[Records from a dataset]
____
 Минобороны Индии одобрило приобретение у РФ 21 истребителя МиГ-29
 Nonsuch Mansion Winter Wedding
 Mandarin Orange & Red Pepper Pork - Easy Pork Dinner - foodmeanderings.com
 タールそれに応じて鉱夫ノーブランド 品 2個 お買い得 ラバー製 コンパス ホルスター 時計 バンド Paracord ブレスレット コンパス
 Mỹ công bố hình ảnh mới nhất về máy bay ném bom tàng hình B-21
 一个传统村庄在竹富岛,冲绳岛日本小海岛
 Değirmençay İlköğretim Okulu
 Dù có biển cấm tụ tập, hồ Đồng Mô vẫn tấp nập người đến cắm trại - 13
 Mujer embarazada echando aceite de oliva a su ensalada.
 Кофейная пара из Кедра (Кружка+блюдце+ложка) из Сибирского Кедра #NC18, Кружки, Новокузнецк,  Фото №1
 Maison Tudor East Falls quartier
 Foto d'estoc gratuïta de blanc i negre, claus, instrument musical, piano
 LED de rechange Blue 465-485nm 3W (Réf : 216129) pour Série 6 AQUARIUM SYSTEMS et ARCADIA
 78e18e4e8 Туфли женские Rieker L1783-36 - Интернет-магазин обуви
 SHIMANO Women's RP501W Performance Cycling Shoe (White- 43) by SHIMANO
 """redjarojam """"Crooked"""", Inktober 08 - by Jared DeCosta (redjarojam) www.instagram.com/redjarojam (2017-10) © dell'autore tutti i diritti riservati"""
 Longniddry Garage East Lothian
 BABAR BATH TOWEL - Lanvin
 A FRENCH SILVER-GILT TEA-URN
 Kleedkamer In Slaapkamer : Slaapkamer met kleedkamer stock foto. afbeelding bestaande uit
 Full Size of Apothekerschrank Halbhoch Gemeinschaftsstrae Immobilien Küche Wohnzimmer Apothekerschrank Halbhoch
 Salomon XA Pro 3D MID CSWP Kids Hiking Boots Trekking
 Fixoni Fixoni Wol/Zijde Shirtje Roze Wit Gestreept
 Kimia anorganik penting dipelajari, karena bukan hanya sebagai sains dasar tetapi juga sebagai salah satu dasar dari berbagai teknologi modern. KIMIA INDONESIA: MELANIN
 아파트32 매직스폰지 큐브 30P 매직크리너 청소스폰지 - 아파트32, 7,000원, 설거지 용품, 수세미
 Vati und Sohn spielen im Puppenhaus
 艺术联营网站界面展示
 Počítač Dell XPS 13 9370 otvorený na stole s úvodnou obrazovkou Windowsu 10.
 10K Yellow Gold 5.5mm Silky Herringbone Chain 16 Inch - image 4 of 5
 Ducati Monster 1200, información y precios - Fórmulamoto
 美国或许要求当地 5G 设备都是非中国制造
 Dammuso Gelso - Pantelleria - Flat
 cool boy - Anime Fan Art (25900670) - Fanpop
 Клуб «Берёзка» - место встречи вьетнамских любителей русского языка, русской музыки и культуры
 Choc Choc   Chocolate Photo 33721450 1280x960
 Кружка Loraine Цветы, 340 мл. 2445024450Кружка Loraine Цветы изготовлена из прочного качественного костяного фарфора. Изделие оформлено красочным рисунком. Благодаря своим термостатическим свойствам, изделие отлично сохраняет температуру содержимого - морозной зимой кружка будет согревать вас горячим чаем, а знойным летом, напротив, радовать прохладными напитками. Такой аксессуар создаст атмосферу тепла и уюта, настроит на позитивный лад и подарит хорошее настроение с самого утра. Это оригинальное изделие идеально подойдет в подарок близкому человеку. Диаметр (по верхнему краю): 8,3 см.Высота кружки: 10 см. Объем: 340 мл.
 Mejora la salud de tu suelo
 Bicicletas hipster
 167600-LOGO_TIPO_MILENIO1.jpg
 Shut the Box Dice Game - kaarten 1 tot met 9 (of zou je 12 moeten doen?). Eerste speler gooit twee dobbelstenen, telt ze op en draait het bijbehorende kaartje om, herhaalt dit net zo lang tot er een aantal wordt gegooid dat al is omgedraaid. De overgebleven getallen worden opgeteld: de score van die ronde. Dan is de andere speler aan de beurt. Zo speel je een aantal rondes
____
• _PROBLEM DESCRIPTION_
From the data above, give the number of lines that hold "East", without anything else.

• _TASK SOLUTION_
2